Wood, aluminum, graphite, carbon, fat, skinney, whatever - it will do it all.
I have a Bliz, a Jo Jan multi, a Jo Jan single, A Bohning, and three or four other ones... but if I were going to do it all over again - I would just pay the $$ and buy a Bitz.


----------



## JayP (Dec 13, 2008)

I am looking to fletch my own arrows but strictly use blazer veins and a fixed blade broad head. I have been using the quick fletch and they have worked but want to try fletcing my own. I have been looking at the Bohning Blazer Helix for it's simplicity and cost. Will adding helical to my blazers help stabilize my arrow better?


----------



## gmtblazer (Dec 13, 2009)

Will adding helical to my blazers help stabilize my arrow better? 
YES,YES, and yes. i consider it a must with fixed broadheads.


----------



## MikeTN (Nov 2, 2004)

I have used most of the jigs out there.

Some work well, some well... work.

The two best out there in my opinion are the Bitz (DEFINITELY worth it for the Zenith upgrade as well) and the Bohning Blazer Helix.

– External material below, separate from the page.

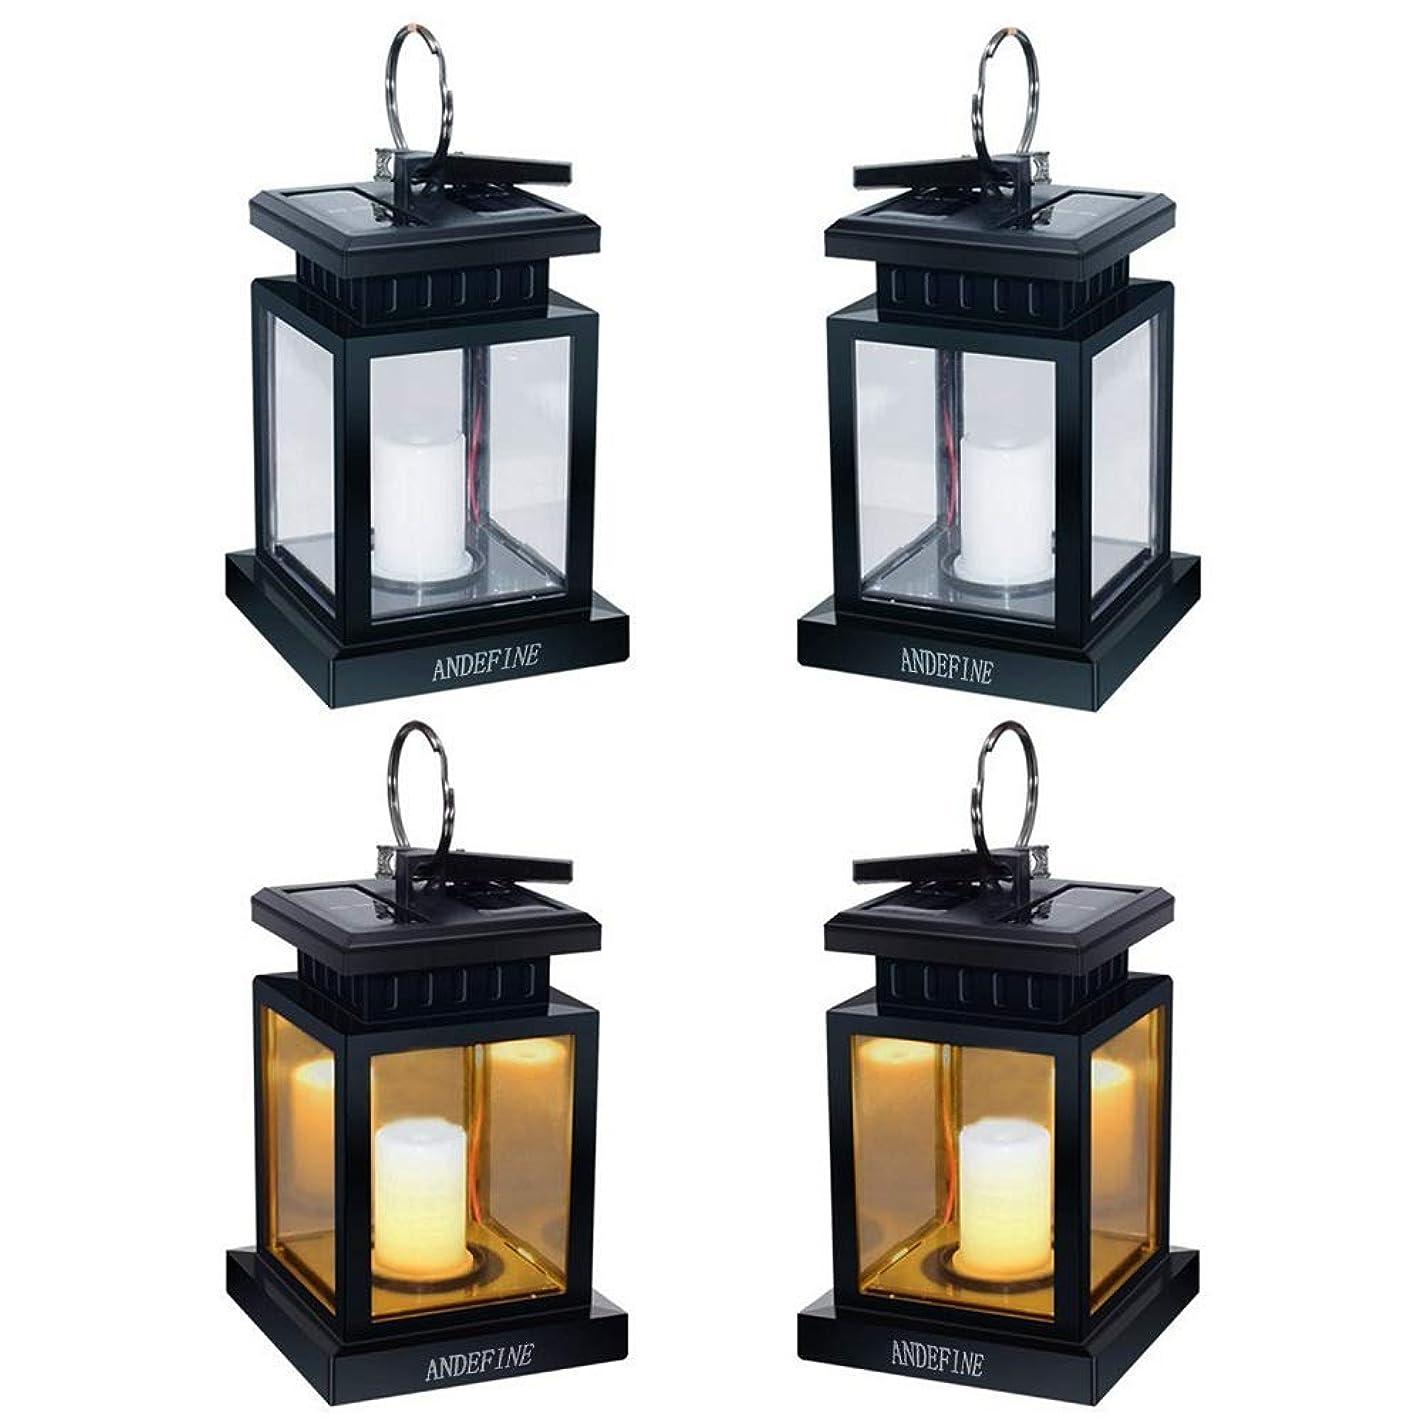 ANDEFINE Hanging Solar Lanterns, Hanging Solar Lights Outdoor Umbrella Lights Waterproof Candle Lamps Hang on Trees Patio Landscape Yard Solar Garden Lights (Yellow Light, 4 Pack)

Bitz gives you more versatility. Can take more time to set up properly, but a great jig.

If you're only doing hunting arrows and shooting Blazers (or other high profile, short length vanes), the Helix is the way to go. It is super easy- no alignment or anything else to worry about and it flat out works.


----------



## granny (Dec 24, 2004)

Bitzenberger works great for me.


----------